The mere mention of the word “downtime” strikes fear in the hearts of many IT leaders, and opening Pandora’s Box to investigate the true costs associated with a critical infrastructure outage can be paralyzing. How do you begin? Which “costs” should be included? Can you predict what will cause a disaster? And once you’ve discovered the potential repercussions that can be caused by downtime, how do you implement an appropriate recovery plan?
When downtime is discussed, it’s usually categorized in terms of monetary impact using a generic source unrelated to a singular business. But as Gartner reports, this methodology is short-sighted and unrepresentative of the damage an outage can have on your business—no matter the duration of the episode.
“I&O leaders in IT organizations often try to leverage information from various sources about how much per hour an outage will cost. Vendors often promote vague, often unattributed, cost-of-downtime numbers for what a day, hour or minute of downtime is valued at.” Gartner research continues, “their lack of a solid foundation in meaningful metrics that the business values often results in an immediate dismissal of relevance by business leaders and a lack of funding for needed investments.”
Failure to look beyond a general estimate of the top-line financial impact an outage can have on a business will likely result in a woefully insufficient disaster recovery plan. Rather, as Gartner suggests, business leaders should expand their focus to include potential impacts to all stakeholders of the business—"no matter if they are customers, patients, citizens or the individual business operations leaders — and how those relevant outcomes are directly impacted by the loss of IT services.”
The recent news this spring regarding recurring operations’ delays for JetBlue, American and Alaska Airlines flights are an illustration of how system failures negatively impact businesses beyond a loss in revenue.

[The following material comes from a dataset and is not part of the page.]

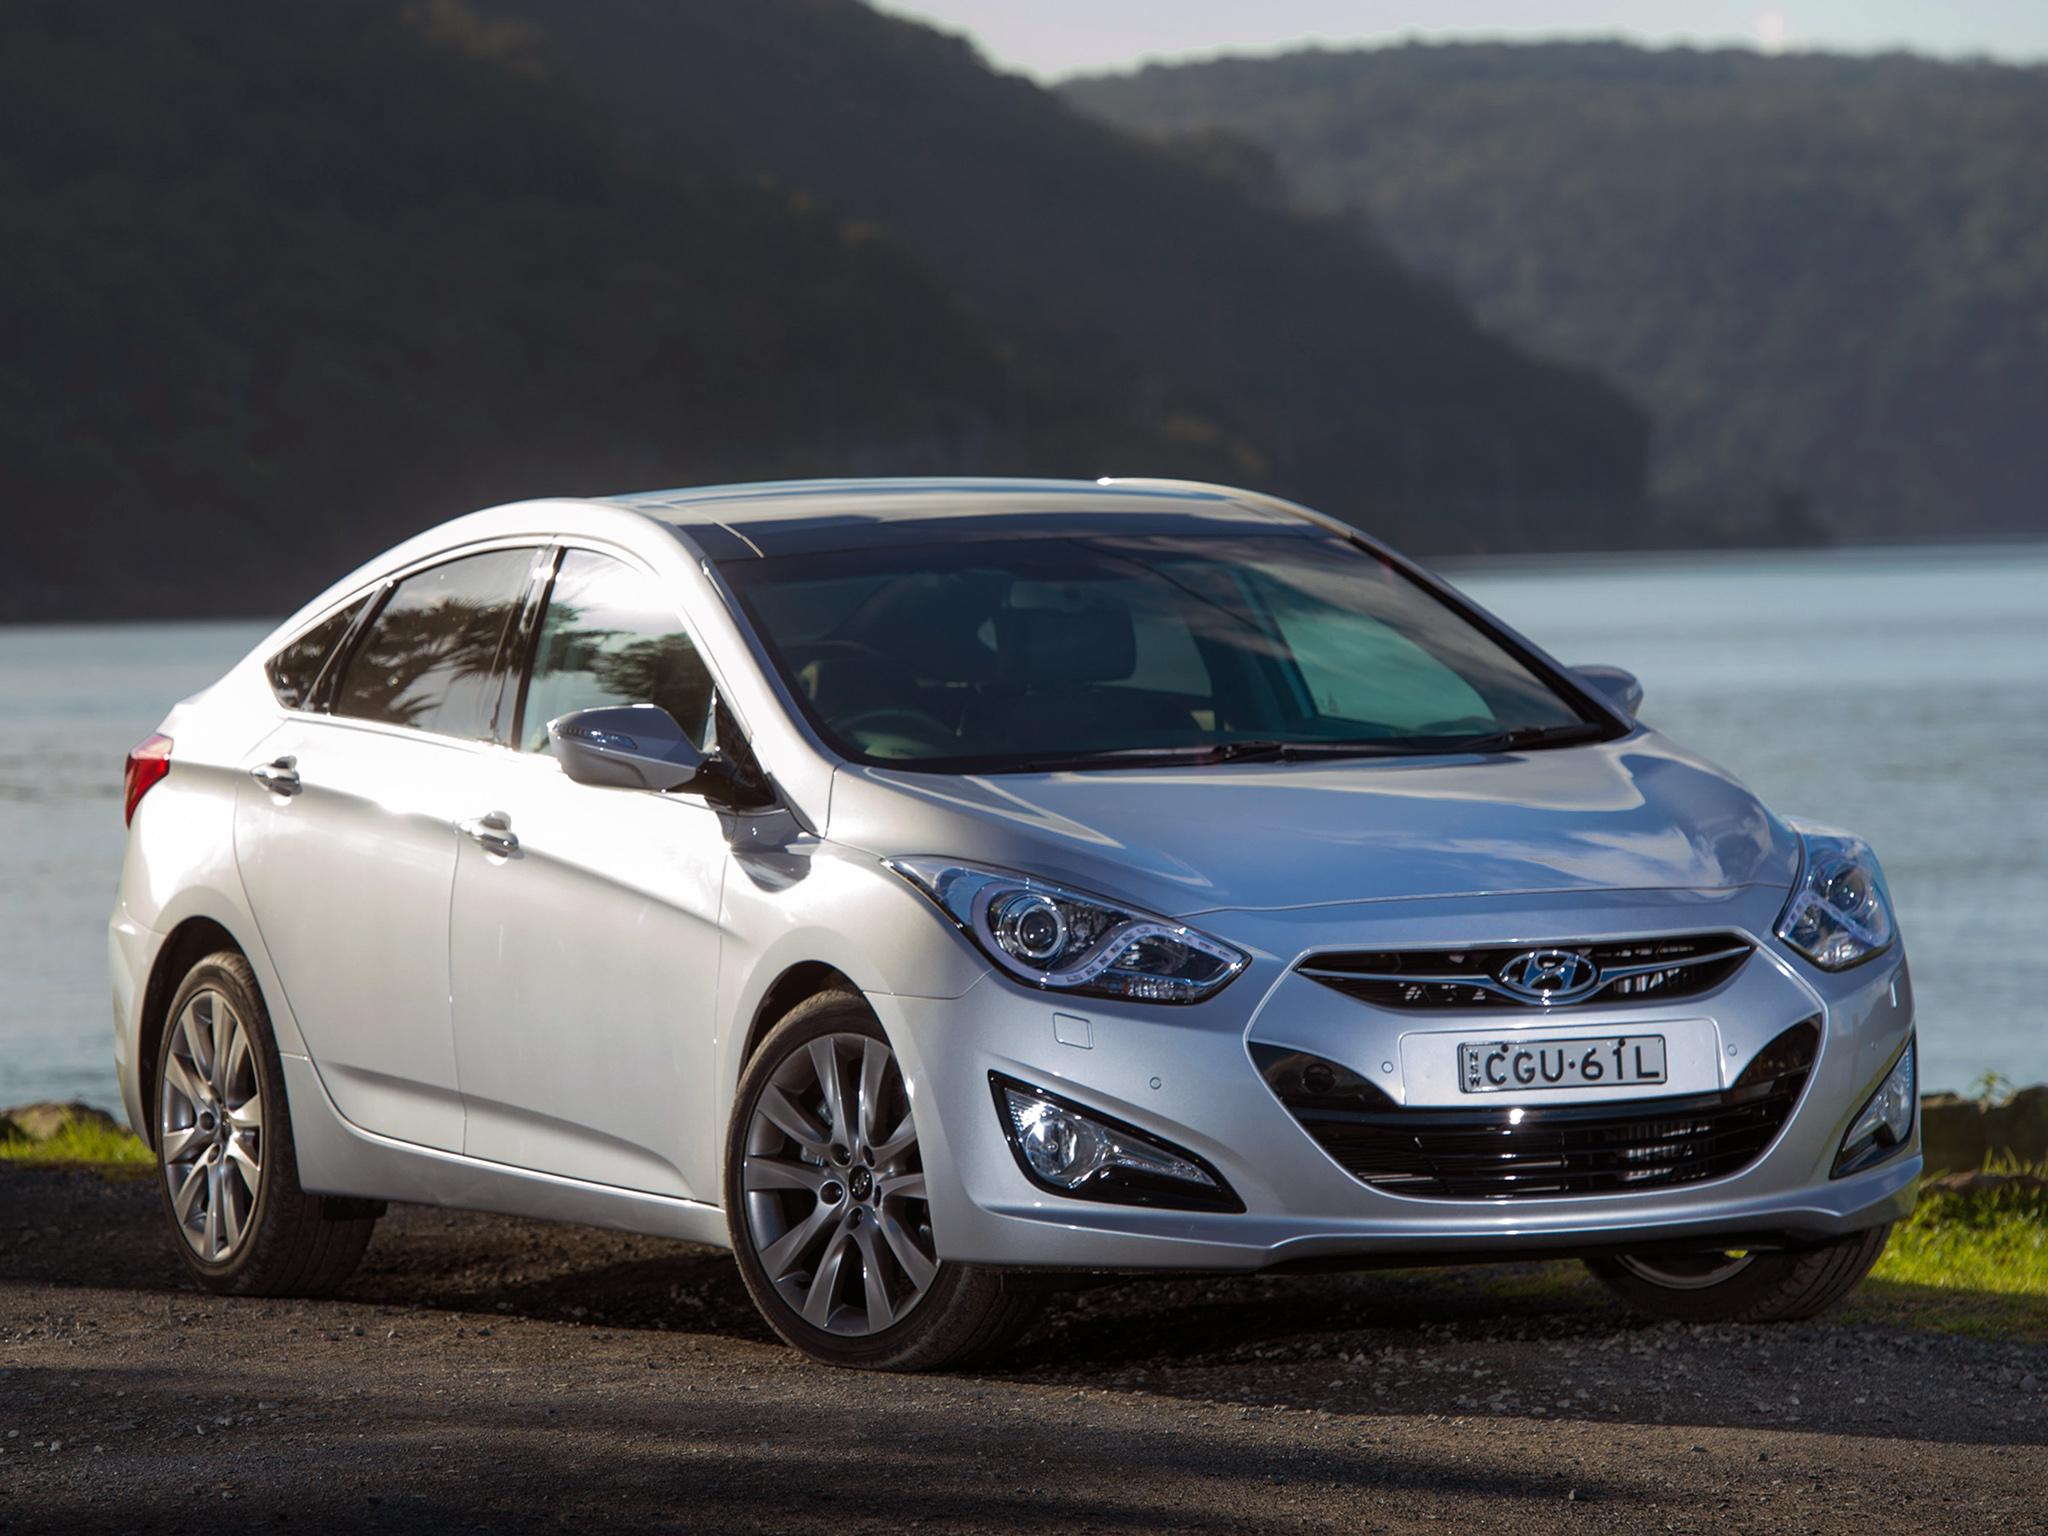 Hyundai Elantra 2012 Model >> Hyundai i40 photos - PhotoGallery with 76 pics| CarsBase.com
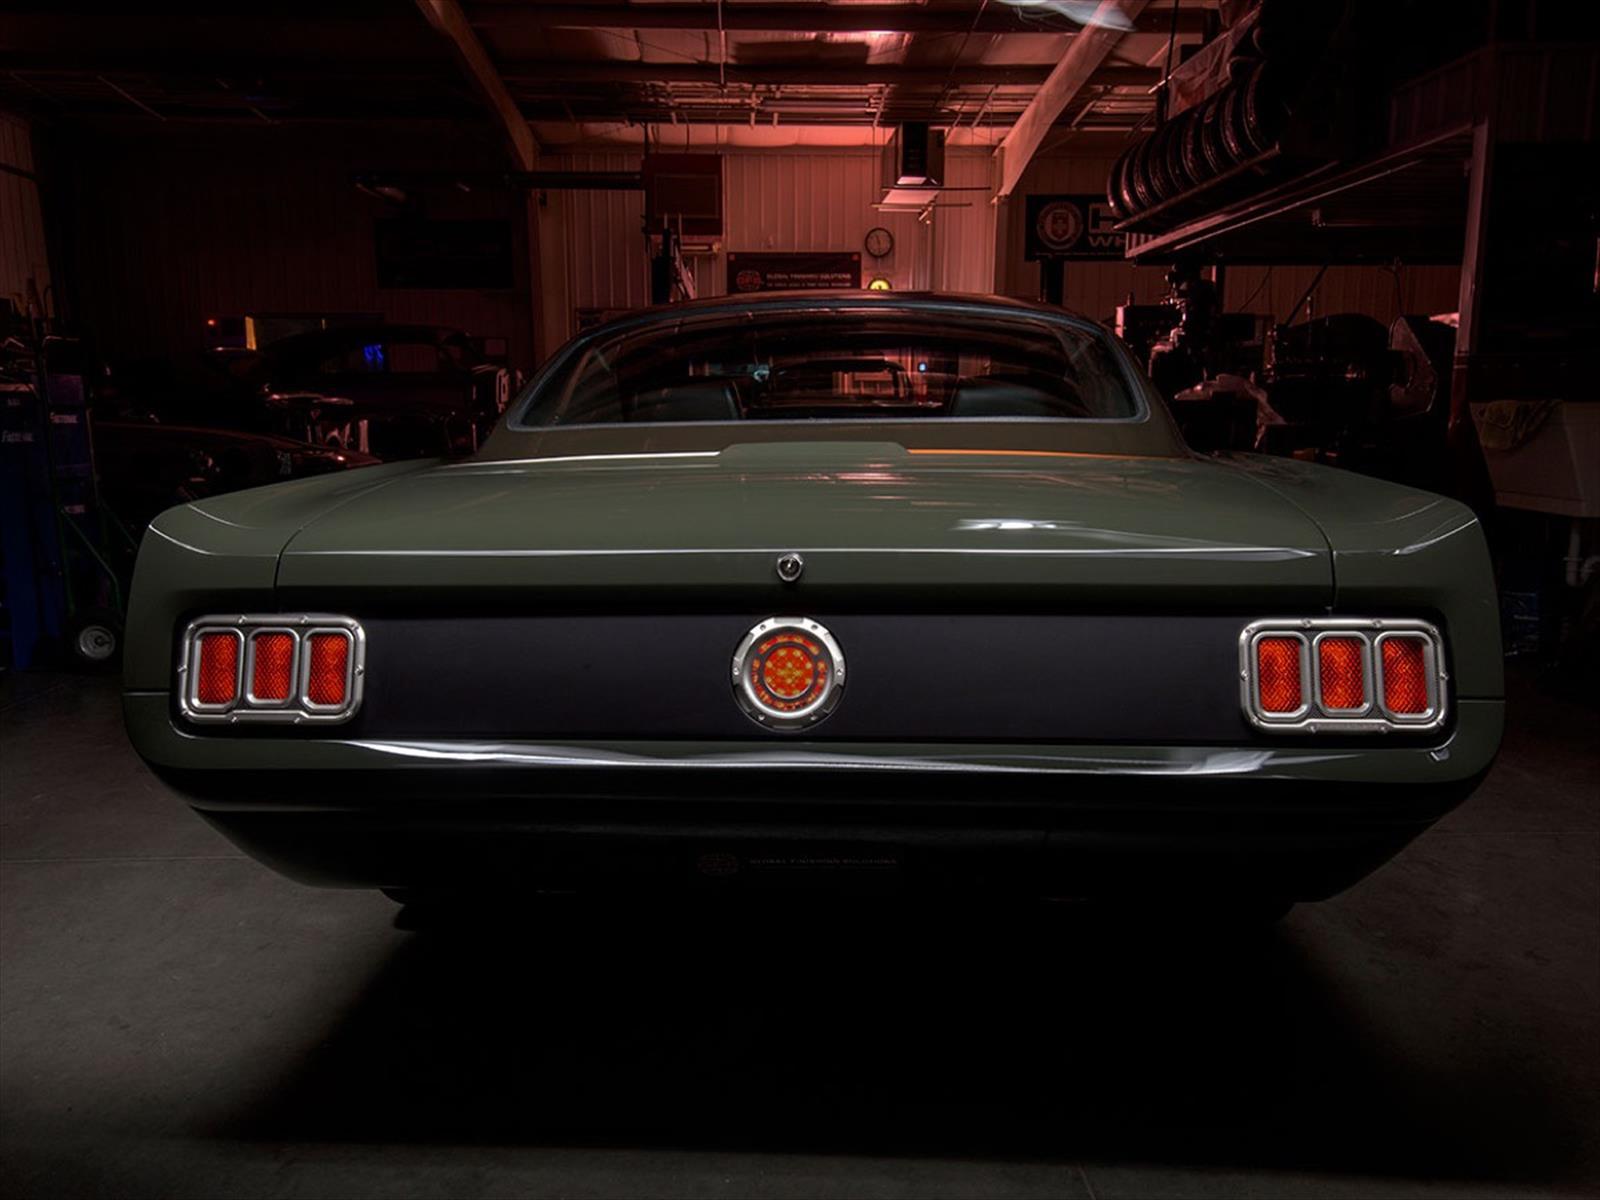 Ford Escape Se >> Ford Mustang Espionage 1965 por Ringbrothers, un muscle car magistral - Autocosmos.com

Despite the fact that the computer issues--which resulted in the airlines’ inability to check passengers into flights and issue boarding passes, and passengers’ inability to access services at self-serve kiosks--were not directly caused by the airlines themselves, their collective brand reputations and market share suffered when flights were delayed.
Reframing the upfront research required to more thoroughly evaluate all the costs, including those associated with negative customer experiences, potential safety issues, and decreasing brand reputation, should now be part of the first step in creating a comprehensive disaster recovery plan. Step two is identifying the myriad reasons your critical infrastructure could go down.
As technology advances, the list of downtime causes has grown and businesses are struggling to keep up. Network, application and power outages, server and storage failures, usage spikes and human error have long contributed to an IT manager’s nightmares, but as Ransomware attacks become more sophisticated, IT security departments are under increasing strain. And while natural disasters have always been on the list of potential causes of downtime, changing weather patterns have made tornado and hurricane seasons more difficult to predict.
Consider the airline downtime example above. Computer systems failures such as those that affected JetBlue, American and Alaska Airlines in March, April and May 2019 are damaging, but just imagine if their third-party software crashed during heavier travel periods such as the Thanksgiving and Christmas holidays? The multi-faceted impact would be utterly devastating for these companies.
So, what is an IT manager to do? Developing disaster preparedness and recovery plans for your critical infrastructure is not an easy task but knowing that some sort of adversity is inevitable makes tackling this planning critical to business viability. Indeed, 43% of businesses that suffer a catastrophic loss of data are forced to close immediately, while 51% are forced out of business within two years. The key to ensuring the resiliency of your critical infrastructure is widening your list of downtime costs and planning for the unforeseen disasters you’ll never see coming.